Simply put, a convex combination is a linear combination of different points or quantities in which the coefficients of the linear combinations add up to one. More concretely,
\[\alpha_1 x_1 + \alpha_2 x_2 + \cdots + \alpha_n x_n, \ \sum_{i = 1}^n \alpha_i = 1 \tag{10}\]We can also imagine that $\alpha$ and $x$ are each $n$-dimensional vectors, and that a convex combination is simply a dot product of these two vectors given that the elements of $\alpha$ sum up to one.

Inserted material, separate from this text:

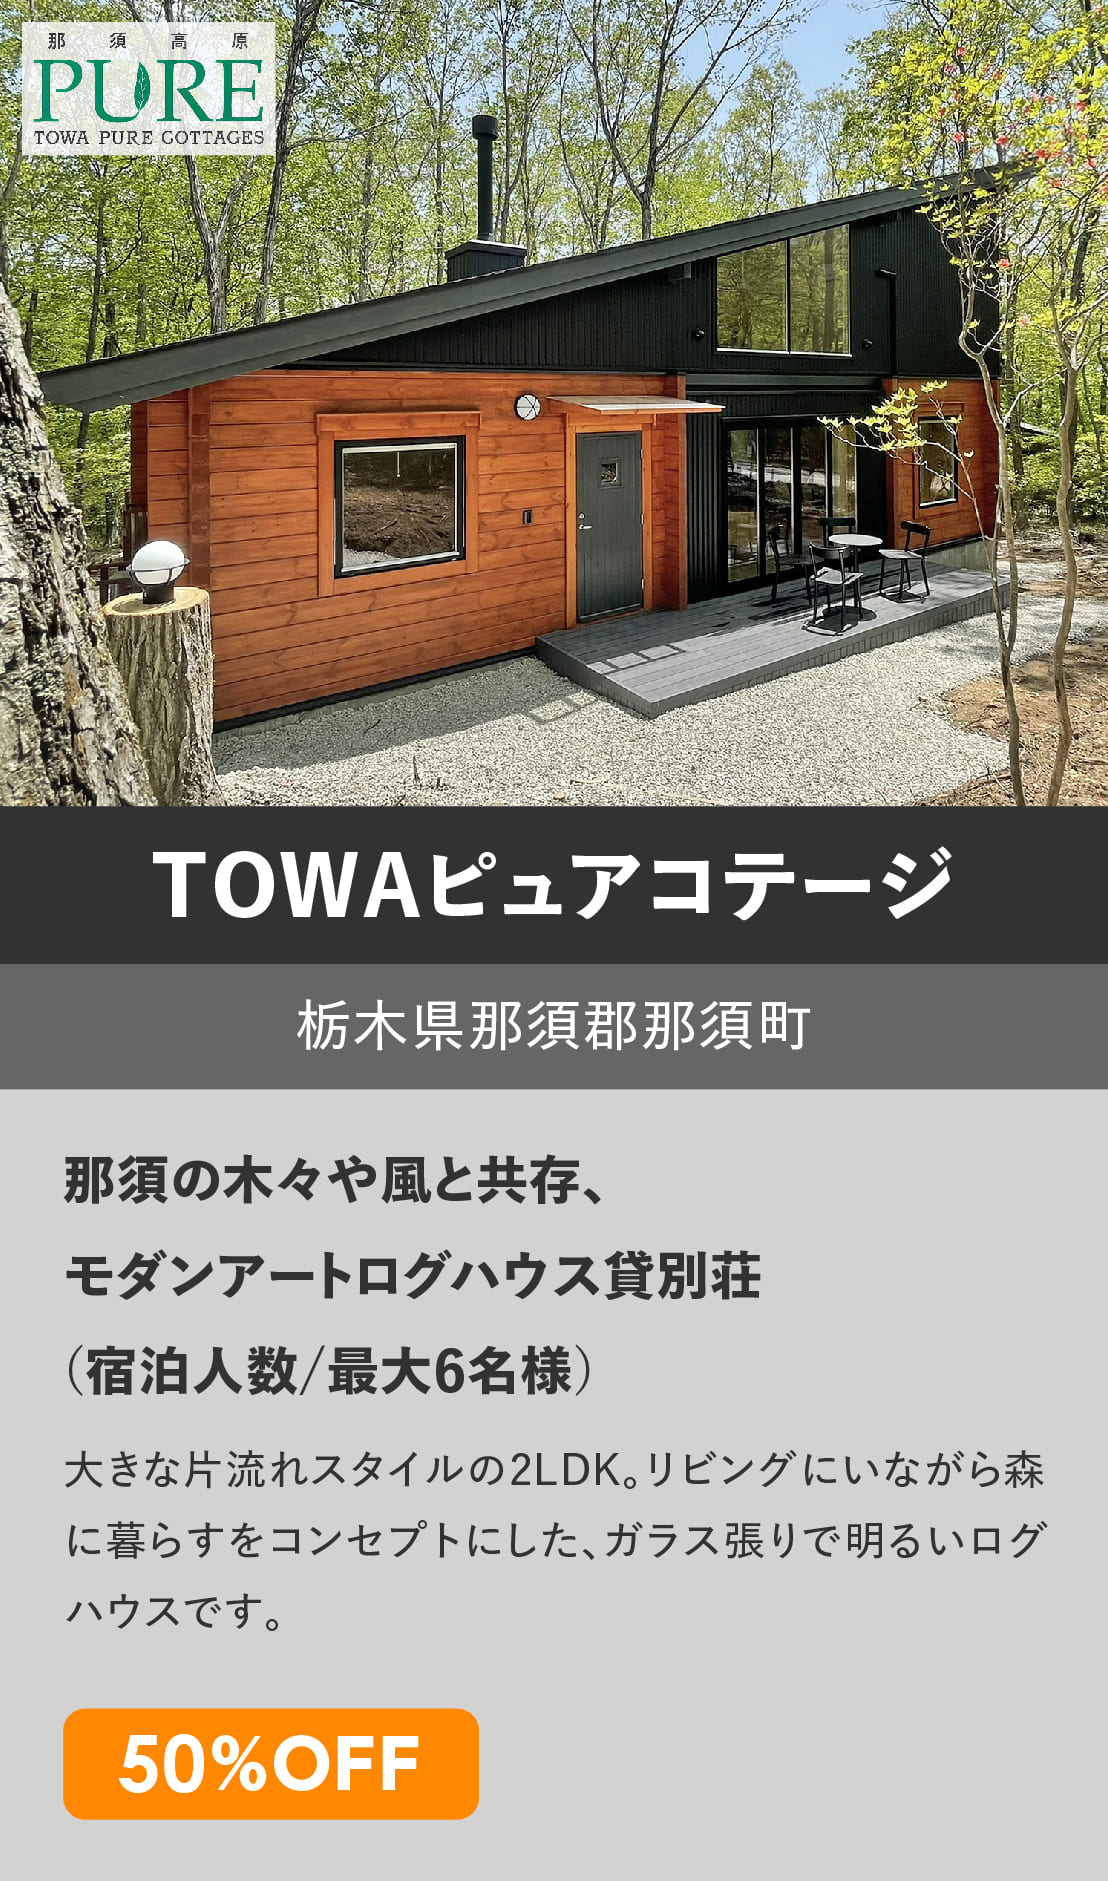 ログハウスのビックボックス,貸別荘,体験宿泊,TOWA,藤和那須リゾート

Why did I suddenly bring up convex combinations out of no where? Well, it turns out that the result in (9) in fact an instance of a convex combination of two points satisfying the form
\[\alpha x + (1 - \alpha)y \tag{11}\]Indeed, it is not difficult to see that the coefficient of $\bar{x}$ and $\mu$ add up to 1, which is precisely the condition for a linear combination to be considered convex. Now here is the important part: the implication of this observation is that we can consider the MAP estimate of parameter $\theta$ as an interpolation, or more simply, some weighted average between $\bar{x}$ and $\mu$. This interpretation also aligns with the whole notion of Bayesian inference: our knowledge of the parameter is partially defined by the prior, but updated as more data is introduced. And as we obtain larger quantities of data, the relative importance of the prior distribution starts to diminish. Imagine that we have an infinite number of data points. Then, $\theta_{MAP}$ will soley be determined by the likelihood function, as the weight ascribed to the prior will decrease to zero. In other words,
\[\lim_{n \to \infty} \frac{n}{n + \sigma^2} = 1 \\ \lim_{n \to \infty} \frac{\sigma^2}{n + \sigma^2} = 0 \tag{12}\]Conversely, we can imagine how having no data points at all would cause the weight values to shift in favor of the prior such that no importance is ascribed to the MLE estimate of the parameter.
Conclusion
In this short article, we reviewed the concept of maximum a posteriori and developed a useful intuition about its result from the perspective of convex combinations. Maximum a posteriori, alongside its close relative maximum likelihood estimation, is an interesting topic that deserives our attention. Hopefully through this post, you gained a better understanding of what the result of an MAP estimation actually means from a Bayesian point of view: a weighted average between the prior mean and the MLE estimate, where the weight is determined by the number of data points at our disposal. Also, I just thought that the name “convex conbinations” is pretty cool. The fancier the name, the more desire to learn—it is a natural human instinct indeed.
I hope you enjoyed reading this article. In the next post, we will continue our discussion by exploring the concept of conjugate priors, which is something that we have always assumed as true and glossed over, yet is arguably what remains at the very core of Bayesian analysis.